Scattered Thoughts in the Quiet
Dan is away on a trip to Kansas City for medical school. I'm taking care of Zeke tonight by myself. My mom stayed with me and has been helping during the day. I miss Dan. He'll be home tonight.
I have mastitis. Zeke lost all of the weight he regained after birth and is back down to his discharge weight. I breastfeed this child all day long now with the help of darvocet for my trashed breasts. Eleven hours yesterday and he only gained one ounce. I feel overwhelmed and discouraged. Poor Zeke. God help us.
For the first time since his birth, I put Zeke in my peanut shell carrier. Oh, how I have longed to wear him and go for a walk or do something normal. Normalcy has eluded us in the midst of marathon breastfeeding. Somehow, I stole a few moments today to try it out and oddly enough, I felt so happy. He loved it in there and went right to sleep. I adored having him right there on my chest. I kept staring at his sweet face peering up at me and it thrilled my heart. How nice to have a bright moment in the midst of all the other struggle. Pray for us. I know we'll make it through eventually, but this battle is wearing on me.

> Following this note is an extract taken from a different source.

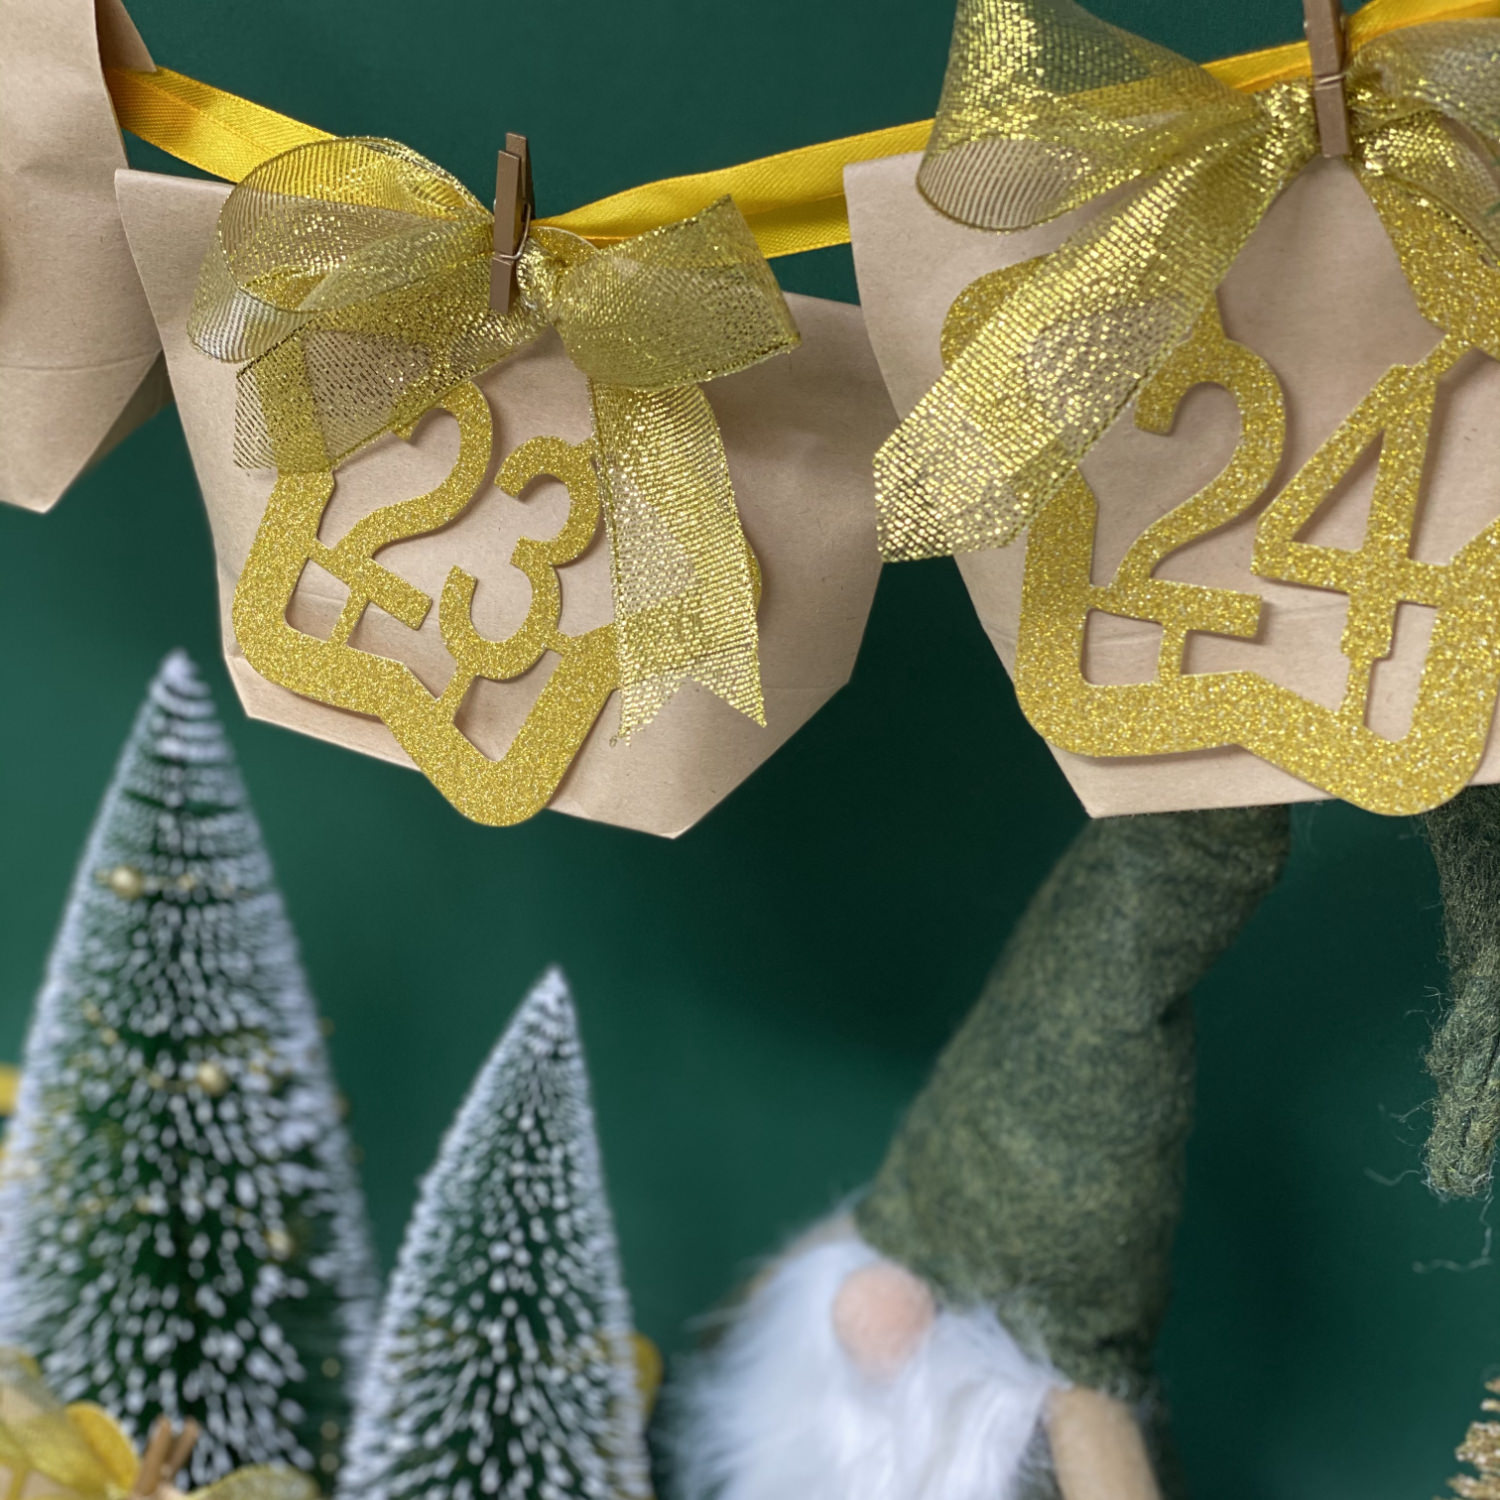 24 Zahlen Anhänger 1-24 mit Schnur und Glitzereffekt für DIY Adventskalender  Weihnachten Deko gold

Speaking of battles--Holy Spirit spoke to Dan and said, "Do not underestimate the battles I will fight for this baby." That was during a bout with jaundice. So, that explains to you why I continue to use the word battle. It also reminds me of God's promise. He has never failed us. I must lean into Him for His strength as I have not my own. His strength is perfect, though...
Here's me and Lil Zekie in his peanut shell...

Isn't he cute?

Reader Comments (4)
Love ya!
Lecithin - I take one of these twice daily... it emulsifies the fat so that the milk can flow out better... My LC told me about it.
You know my story... I'm still trying to nurse... Don't give up... 1/2 ounce to 1 ounce gain per day in weight is what you want... you are doing fine... keep at it... you will look back in 2 months and be amazed at how strong you were and how dedicated you were...
if you need ANY advice... email me!
I admire you for still hanging in there and remember reading all of your posts thinking how hard BF sounded. I can relate, now. Maybe it's equally hard as labor because it lasts for a lot longer.
Thanks for your encouragement!
You have a beautiful son! Praise God!